• **EXERCISE DESCRIPTION**: Although pictures appear in the data, the answer should contain only the lines from its start through the line with "A stormwater project", written out exactly.

• **DATA EXCERPT**:
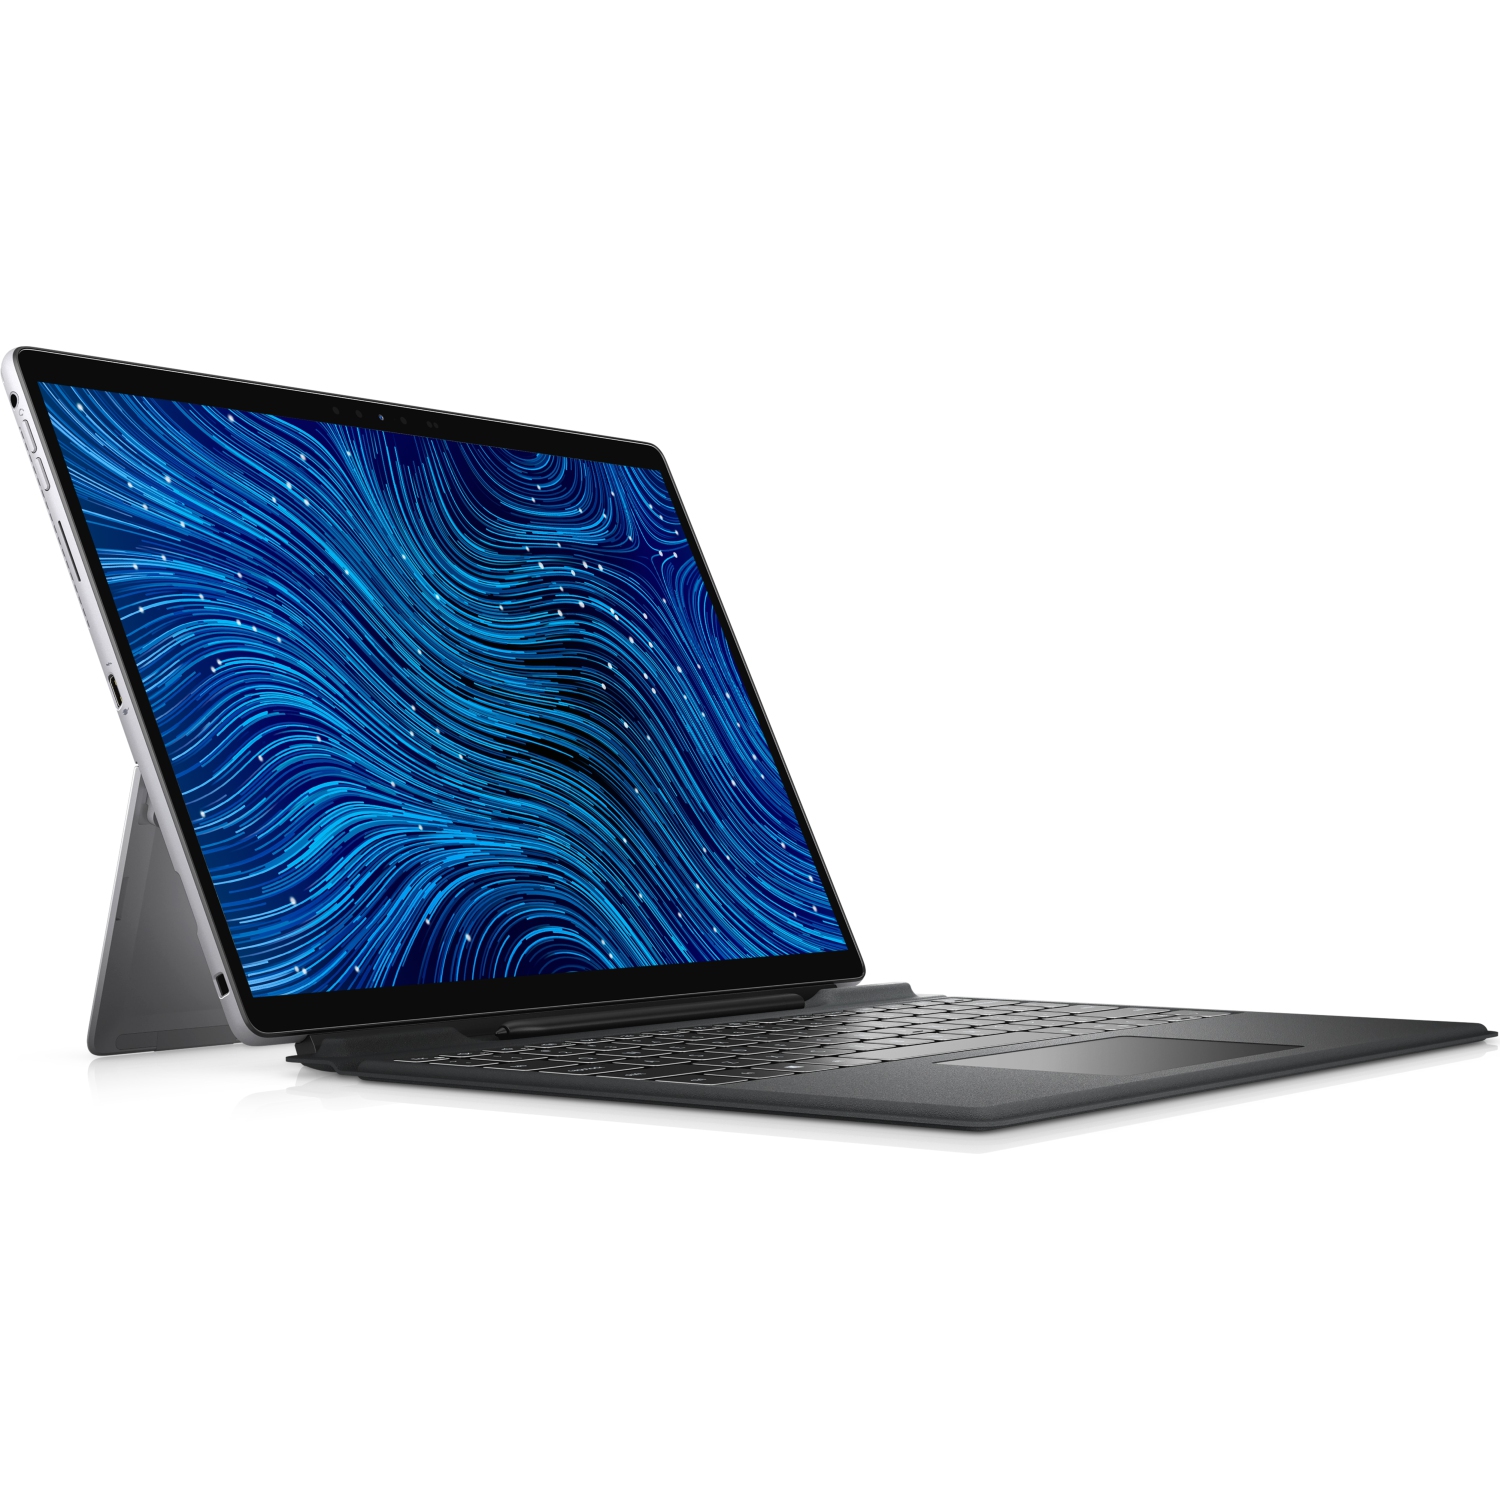 Refurbished (Excellent) – Dell Latitude 7000 7320 Detachable 2-in-1 (2021) | 13" FHD+ Touch | Core i5 - 256GB SSD - 16GB RAM | 4 Cores @ 4.2 GHz - 11th Gen CPU
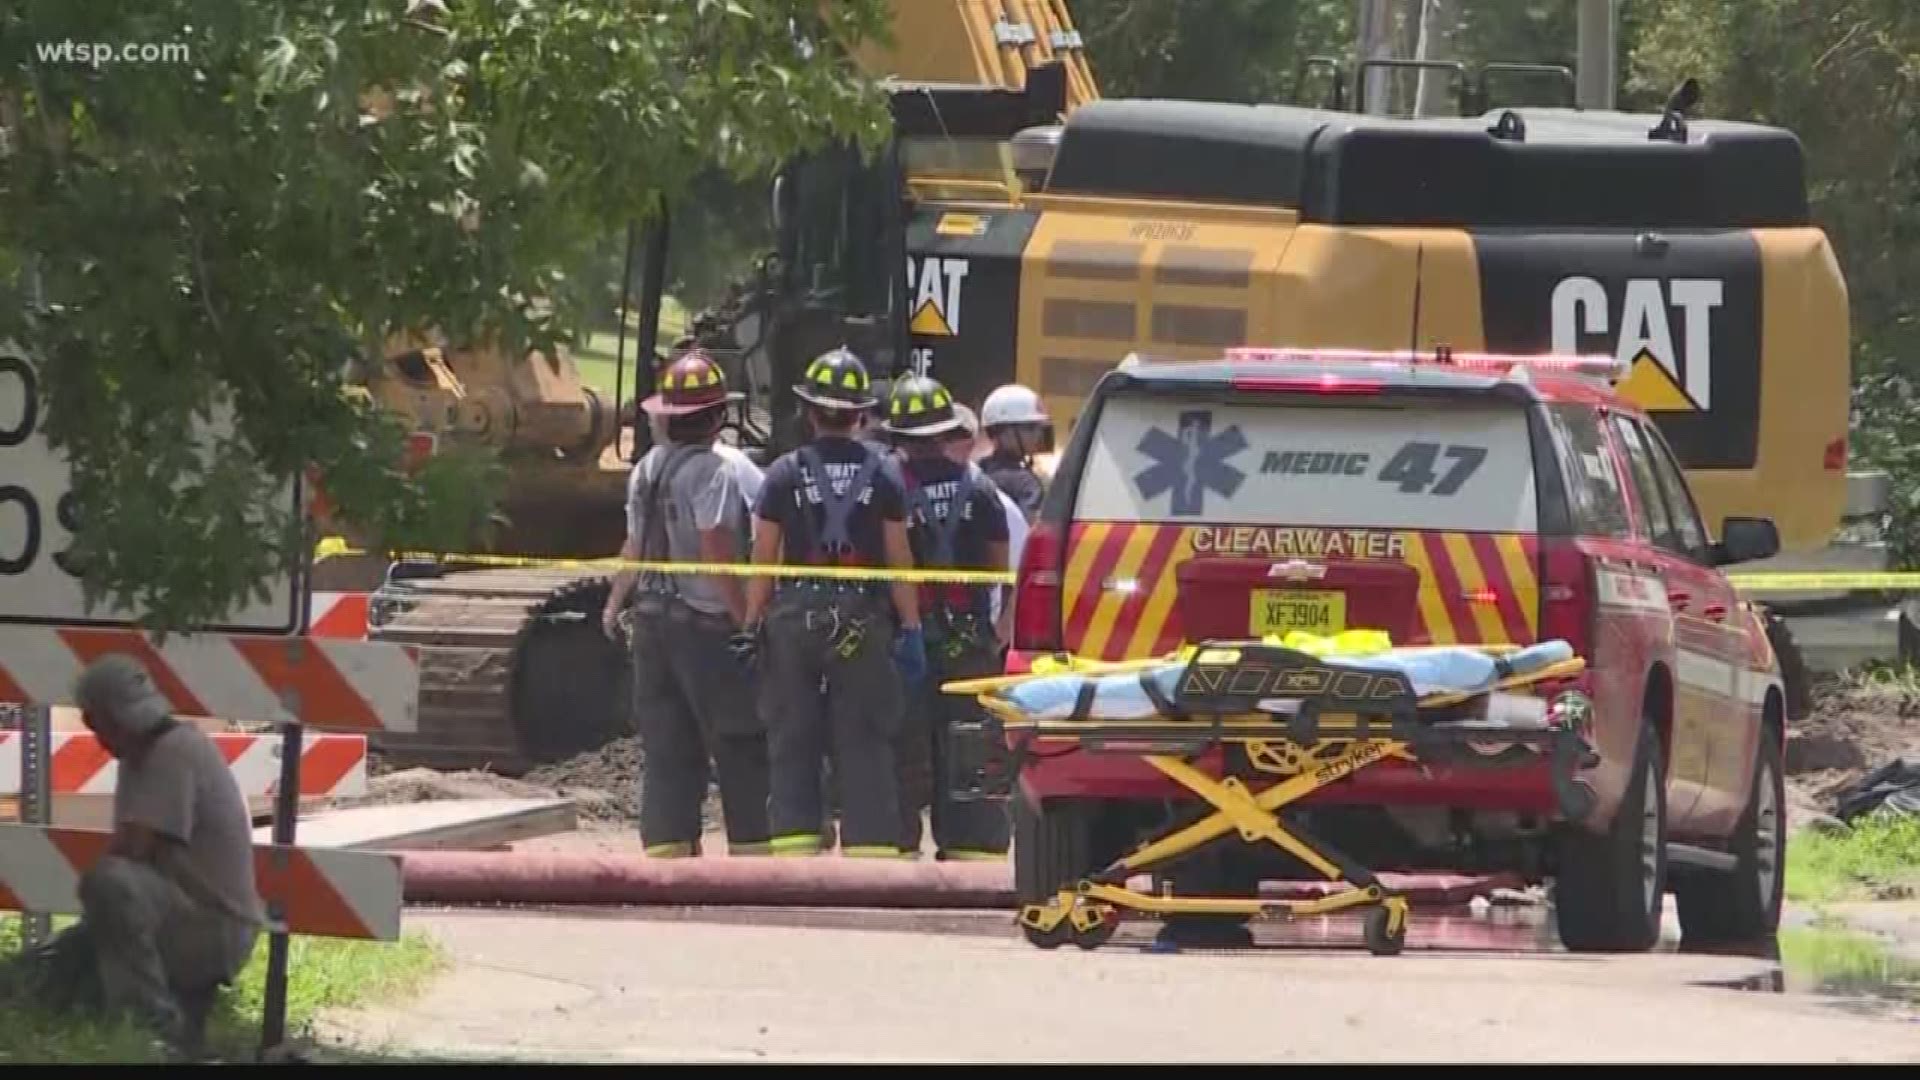 A stormwater project worker died when a large steel plate fell and crushed him in a trench.

It happened around 1 p.m. Monday while the man was working in the area of Hillcrest Avenue and Jeffords Street, police spokeswoman Joelle Castelli said.

The man was in his mid 30s. According to investigators, the steel plate was being used as part of a culvert box system to remove stormwater from the neighborhood and helped to stabilize the trench.

• **PROBLEM SOLUTION**:
 Refurbished (Excellent) – Dell Latitude 7000 7320 Detachable 2-in-1 (2021) | 13" FHD+ Touch | Core i5 - 256GB SSD - 16GB RAM | 4 Cores @ 4.2 GHz - 11th Gen CPU
 A stormwater project worker died when a large steel plate fell and crushed him in a trench.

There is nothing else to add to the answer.